A lot of marathon training is figuring out your body and learning the messages it tells you as you push it faster and longer. Every runner experiments to learn the right combination of fuel and hydration during training runs. But just when you think you've figured it all out, you realize you don't actually know much at all.
Here is the routine I've fine-tuned. Disclaimer: I'm probably doing it all wrong, but hey, I'm a beginner! My theory is that I'll keep doing whatever seems to work and adjust as it fails. I mean, before a quick tutorial at a recent dinner, I didn't actually know what an electrolyte is and simply envisioned a lime-colored Gatorade. And what's this new-fangled thing called maltodextrin people keep talking about?
THE ROUTINE:
- Night before a run longer than 10 miles - 2 ibuprofen, lots of water.
- On the drive to the run - water and one GU Energy (Chocolate Outrage preferable)
- On the run - water and a plethora of Jelly Belly sports beans (Lemon-lime).
That's it.

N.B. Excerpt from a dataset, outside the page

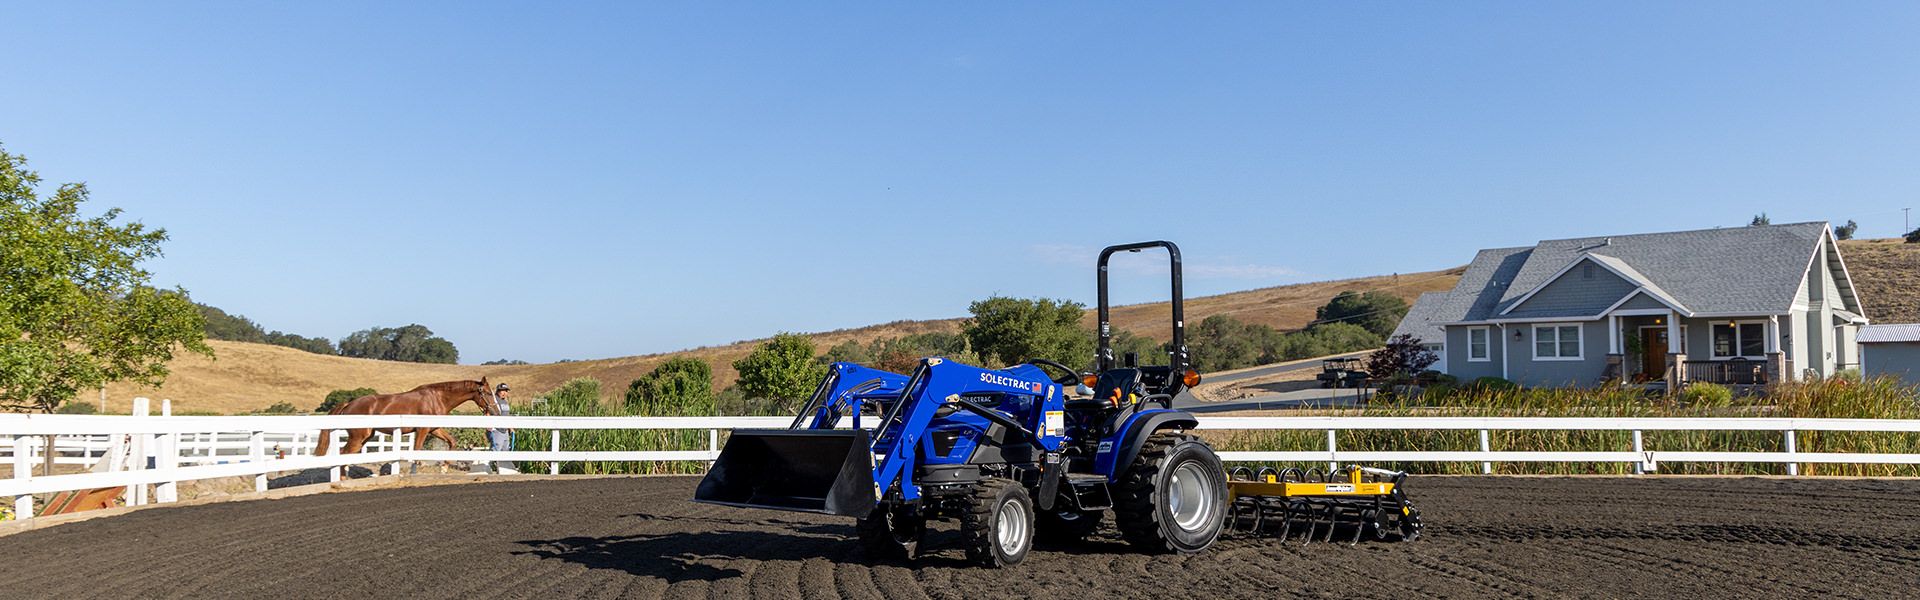 Solectrac-e25-electric-tractor-horse arena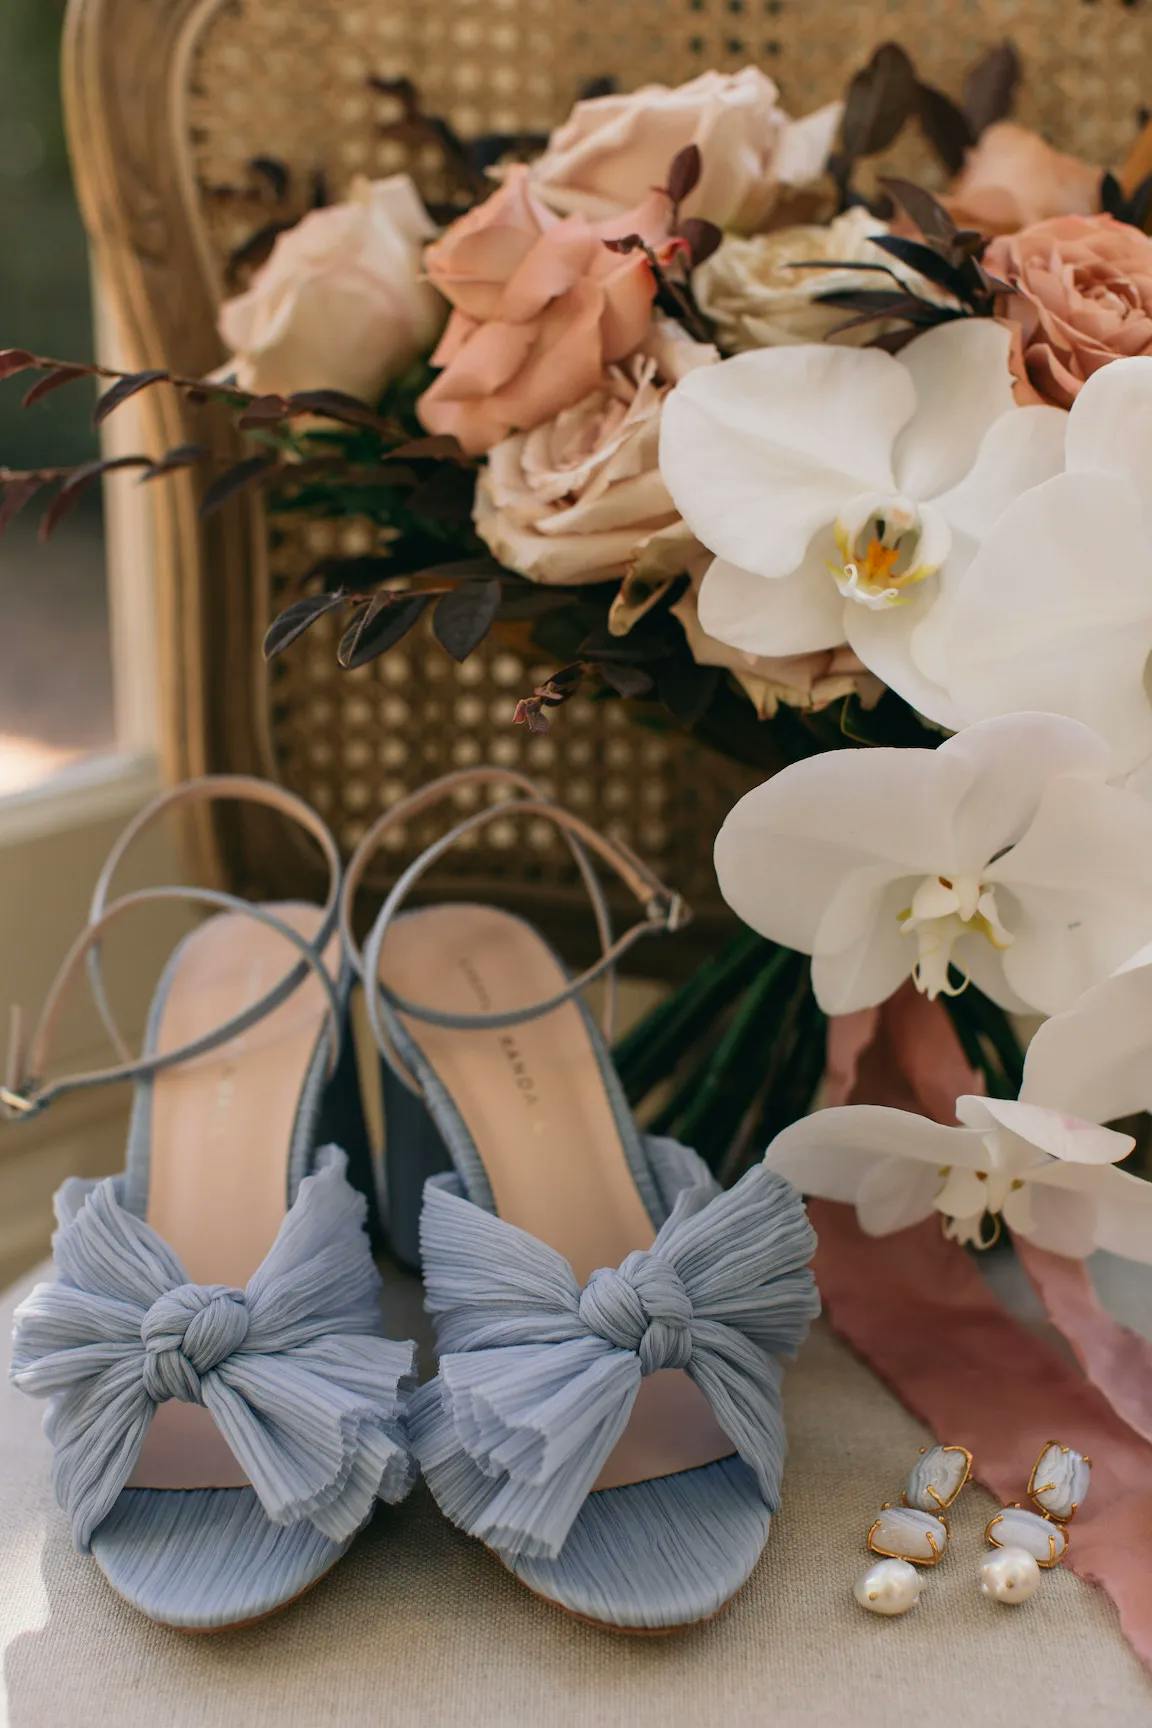 A pair of elegant blue high-heeled shoes with bow accents, placed in front of a lush bouquet of flowers featuring white orchids and peach-colored roses. The scene is completed with a pair of dangling gold and pearl earrings.

Easy-peasy. I've been cruising along pretty well with this and actually felt a little smug about the simplicity. But what I realized on Sunday during my 17-mile training run is the same body is not the same on every run. There are so many factors that feed into how you feel. There's the amount of sleep you got, what you ate and what you drank. And then there are the external factors out of your control.
On Saturday I worked a 12-hour day and then had to deal with a broken car windshield. (What karmic return is due someone who breaks windshields just for fun?) At 10 p.m., I realized I still hadn't eaten dinner and shoveled down some leftover bean salad and a little rice. The highlight of the sad dinner was the last slices of a sourdough bread loaf care of The Bee's resident baker extraordinaire.
It was midnight by the time I got into bed, and when the two alarms (I whole-heartedly endorse this strategy) went off at 6 a.m., I knew it wasn't going to be pretty. By mile 2, I was convinced I wasn't going to make it. Then I got into problem-solving mode and decided the lightheadedness taking over my brain was from lack of fuel and ate all 6 pieces of boiled-and-salted potatoes the running fairy happened to be distributing to some of the runners that day.
By mile 4, I was cruising. I fueled with jelly beans and GU every hour after that. And when the training-run ended with my Garmin just shy of 17 miles, I did a couple laps around the parking lot.
It's all about being flexible and reading your body's signs. When in doubt, drink something. When in pain, eat something. Easy peasy.